- _Action item_: Pictures are to be left out, and only the lines below starting at the one with "Calce comune Butterfly" and ending at the one with "Овощные инструменты для фруктового диджея" are to be reproduced, each exactly, both ends included.

- _Information provided_:

↓↓↓

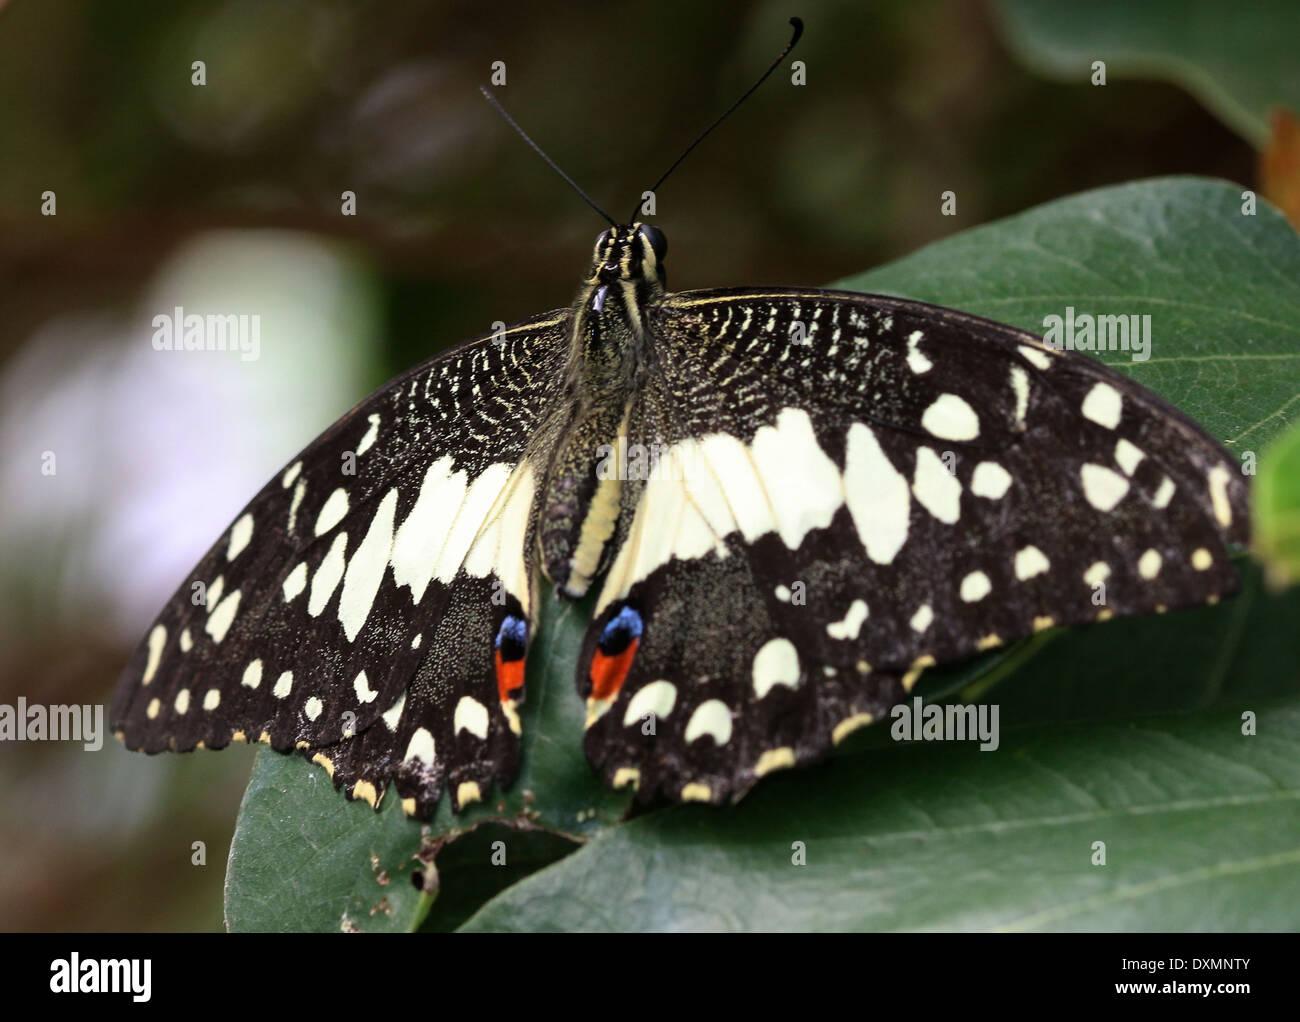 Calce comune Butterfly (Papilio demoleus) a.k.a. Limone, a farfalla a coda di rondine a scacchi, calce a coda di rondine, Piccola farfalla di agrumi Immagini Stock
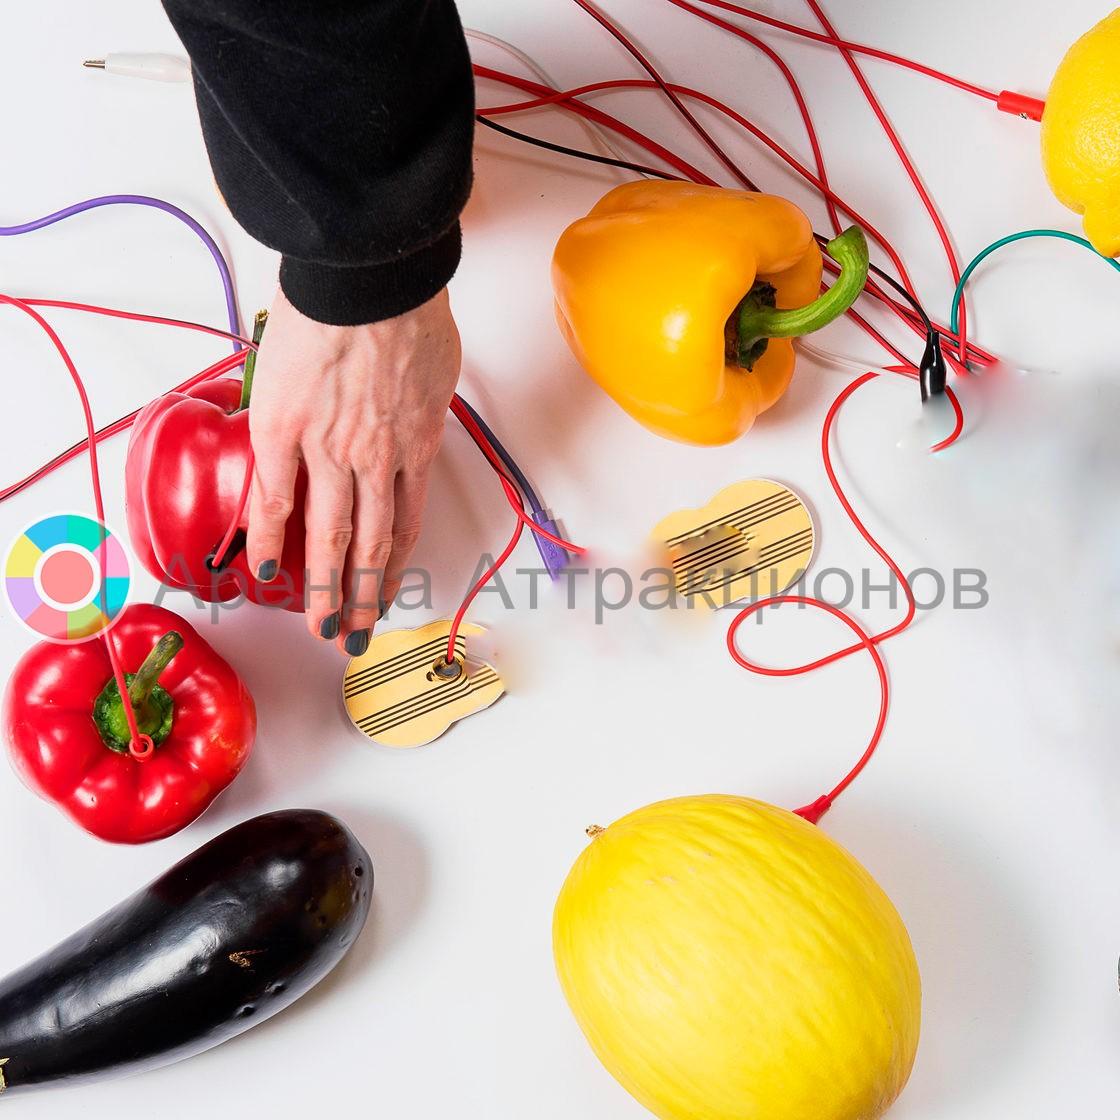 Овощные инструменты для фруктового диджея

↑↑↑
↓↓↓

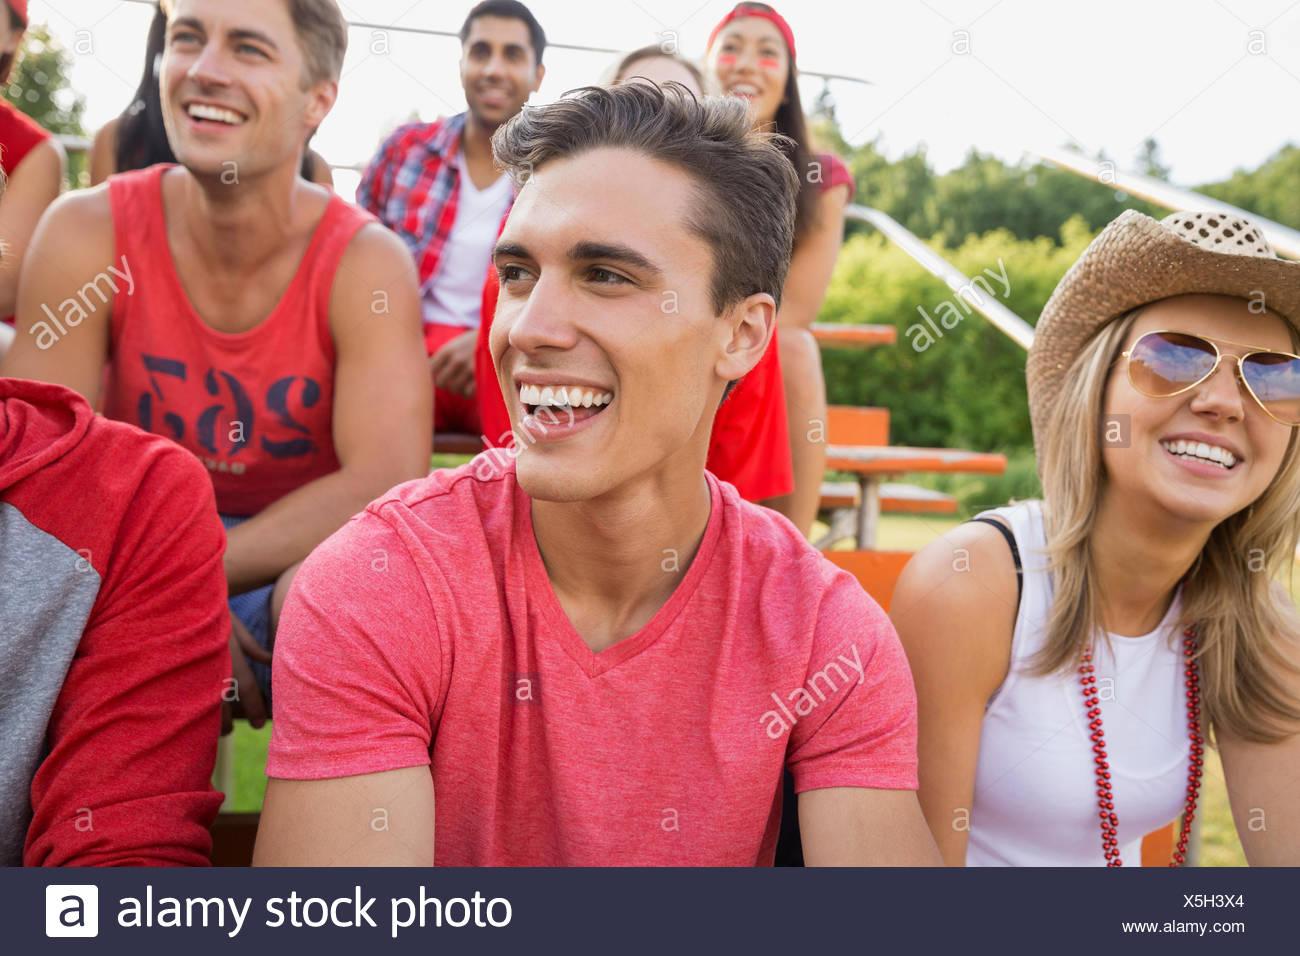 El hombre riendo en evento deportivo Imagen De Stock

↑↑↑

- _Answer to the problem_:
 Calce comune Butterfly (Papilio demoleus) a.k.a. Limone, a farfalla a coda di rondine a scacchi, calce a coda di rondine, Piccola farfalla di agrumi Immagini Stock
 Овощные инструменты для фруктового диджея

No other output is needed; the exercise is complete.